«— Вы наживете себе врагов.
— Тем лучше, нам это даже нравится. Вообще-то, с тех пор, как о книге заговорили, врагов у нас уже появилось немало. Нам приходится отказываться от встреч.
— С этими вашими намеками на такого-то или такую-то... которые в те времена занимали важные посты... вы слишком далеко заходите...
— Мне так не кажется, — ответил Дошен. — Вы как-то не так прочли.
— На самом деле мы ни на кого не нападаем, — ввернул Гастинель. — Это просто... ну скажем, легкие уколы».
Проблема Гастинеля в том, что ему нужно придумать формулировки, подходящие одновременно и для книги, которую знает Дошен — он ее написал, а ведущий не имеет о ней ни малейшего представления, — и для книги, которую держит в руках ведущий, а Дошен даже не догадывается о ее содержании. Дошен в своей рукописи и не думает портить жизнь бывшим коллаборационистам, которые сменили принципы, — а книга Селин полна обвинений против ее бывших сообщников. Выражение «легкие уколы» становится компромиссным вариантом — во фрейдовском смысле — между двумя книгами, о которых одновременно говорят в этой передаче. Так Гастинель на глазах у миллионов телезрителей экспромтом выстраивает фрагменты общей книги, которая будет приемлемой для обеих сторон и в которой каждая сторона сможет узнать знакомое ей произведение.
• • •
Но сложности в разговоре с Дошеном возникают не только у телеведущего. Та же проблема была и у Селин, и у критиков, без конца говорящих с Дошеном о книге, в которой ему трудно увидеть что-то знакомое, потому что он ее не читал.
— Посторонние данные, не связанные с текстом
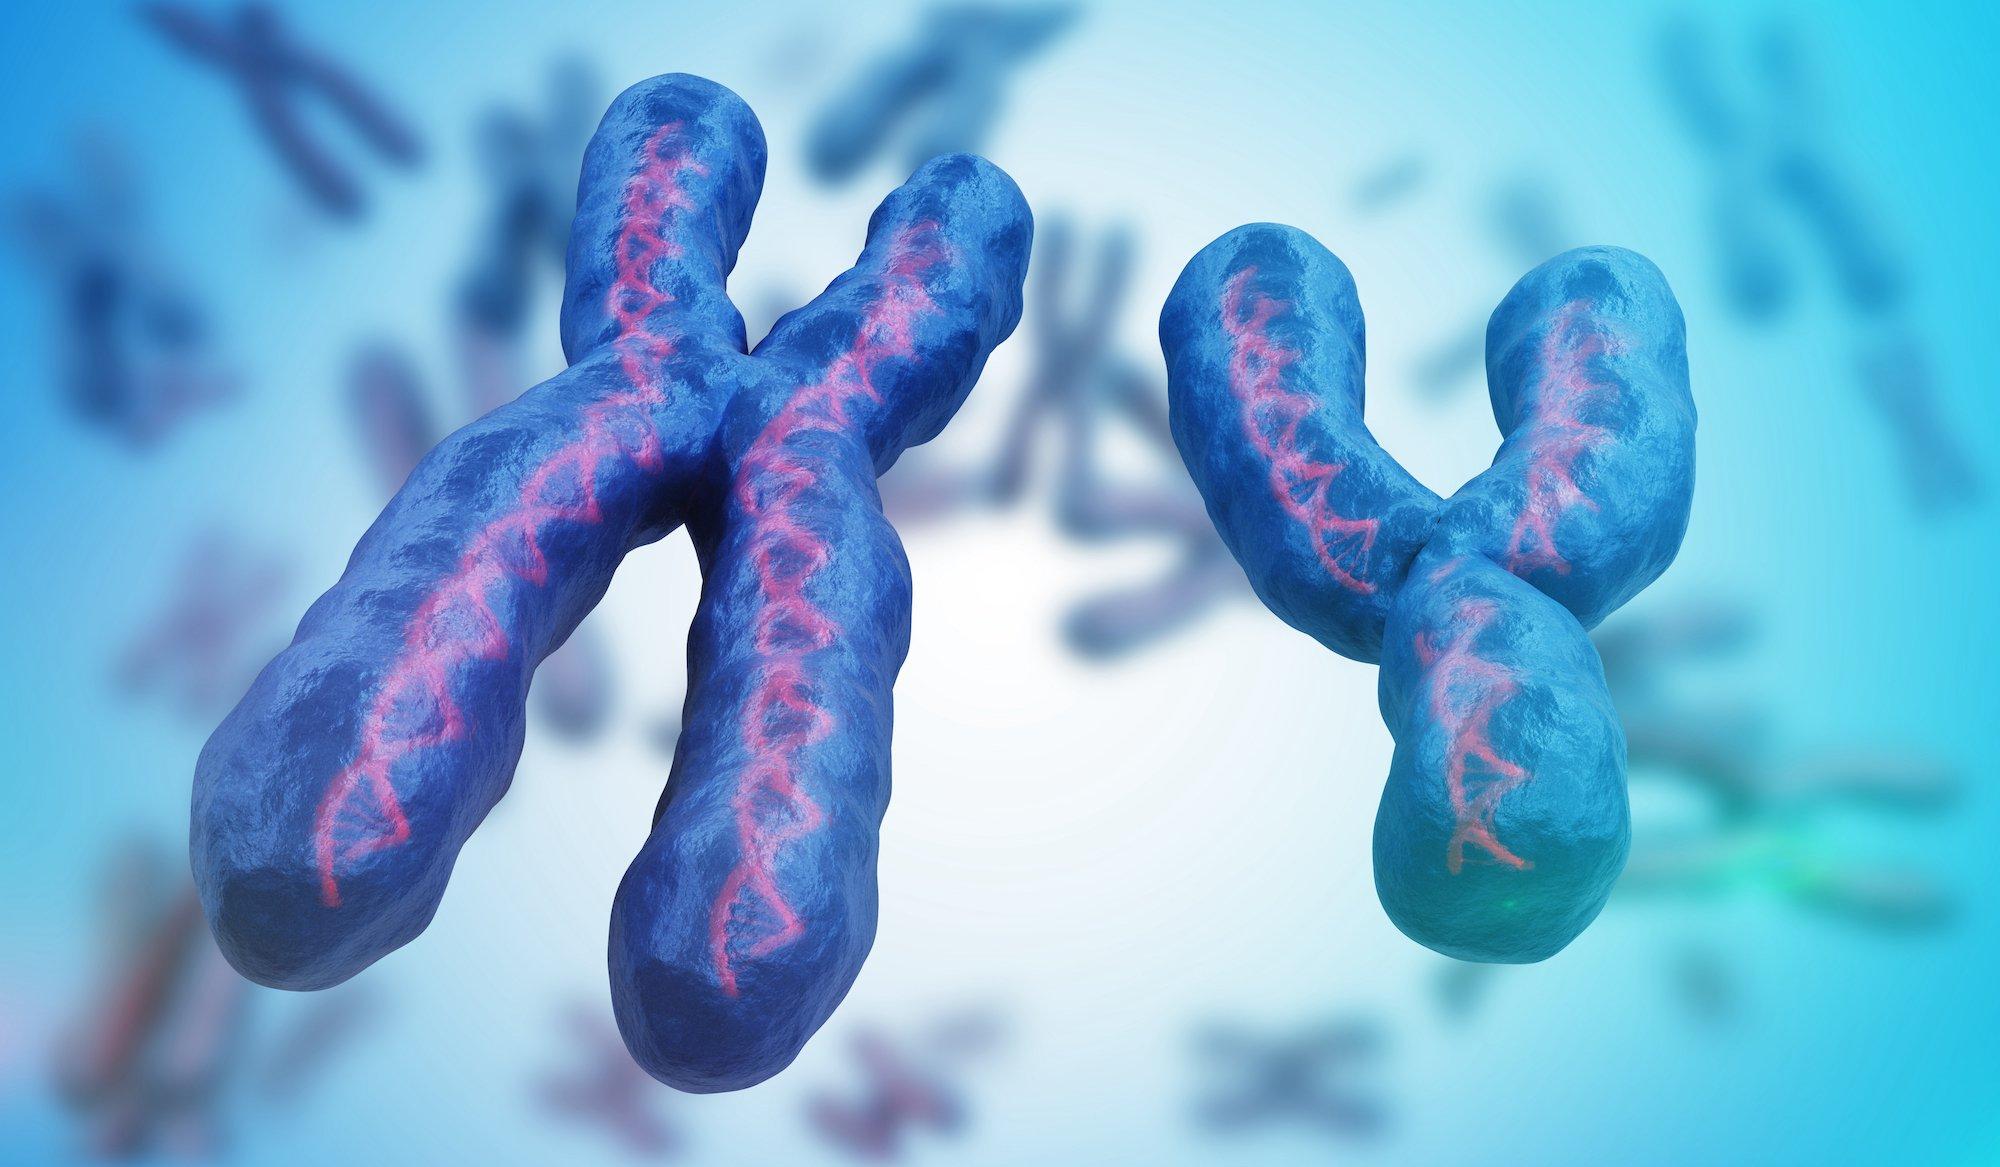 XY染色體及其中包裹的DNA雙螺旋結構示意圖。(ShutterStock)

И хотя Селин, к несчастью, знает, что на самом деле написал Дошен, потому что она каждый день перепечатывает страницы на машинке, она не может сказать ему, что она на самом деле об этом думает, и ей приходится говорить с ним о некой вымышленной книжке, в которой ему трудно узнать свой текст. Он ошеломлен дифирамбами, которые слышал от нее в те дни, когда она перепечатывала книгу, и у него есть все основания сомневаться, что они действительно относятся к его произведению, потому что, по сути, Селин обращает их через его голову — к себе самой:
«По правде, мне повезло... Так редко встретишь хорошего писателя, особенно в наши дни. Великие нас покинули... и уже никогда не вернутся. „Оставляю вам мои книги, не скучайте“. Селин... Арагон... Жионо... Беккет... Генри Миллер... Да, ну и Марсель... [...] И как подумаю, что некоторые фразы ты так исчеркал, что и не прочтешь! Иногда удается каким-то чудом разобрать то, что ты вымарал, — это потрясающе. Ты выбросил самое лучшее. Представляю, что же делалось у тебя в голове, когда ты все это закручивал.
Улыбка у меня на губах должна была изобразить озадаченный скепсис.
— Можно один вопрос: а вы точно читали именно мою рукопись?»
Описанная здесь сцена утрирована до карикатурности, но вообще-то такая ситуация знакома всем писателям — когда они, слушая отзывы о собственных книгах, осознают, что эти отзывы вовсе не похожи на то, что они сами думают о своих текстах. Каждый писатель, которому случалось подольше поговорить со своим внимательным читателем или прочитать о себе подробную критическую статью, знает это странное тревожное чувство, когда замечаешь несоответствие между тем, что ты хотел сказать, и тем, что поняли другие. В таком несоответствии, однако, нет ничего удивительного, если учесть, что внутренние книги писателя и читателя, конечно, различны, поэтому тот фильтр, сквозь который читатель прочел его книгу, никак не может показаться писателю знакомым.
Подобный неприятный опыт, когда читатель воспринял книгу совершенно не так, как задумывал писатель, может парадоксальным образом показаться еще более обескураживающим, если читатель настроен доброжелательно, книга ему понравилась, и он усердно перечисляет подробности. Потому что при этом он использует самые типичные для себя выражения и, нисколько не приближаясь к книге того писателя, наоборот, все ближе подходит к своей собственной идеальной книге, абсолютно уникальной и не формулируемой никакими другими словами, — именно по этой причине она полностью определяет его восприятие других людей и языка. Разочарование автора может оказаться немалым еще и потому, что в такие моменты мы осознаем колоссальную дистанцию, отделяющую нас от других людей.
Получается, что шансы обидеть писателя, говоря с ним о его книге, даже увеличиваются, если она нам понравилась. Мы испытываем понятное чувство радости, отсюда может родиться иллюзия совпадения, и тут мы постараемся как можно более точно высказать причины, по которым книга нам понравилась. И это, весьма вероятно, обескуражит автора, потому что он неожиданно столкнется с чем-то крайне специфичным в другом человеке, а значит, через книгу, обнаружит, что это же самое было в нем самом и в словах, которыми он пользуется.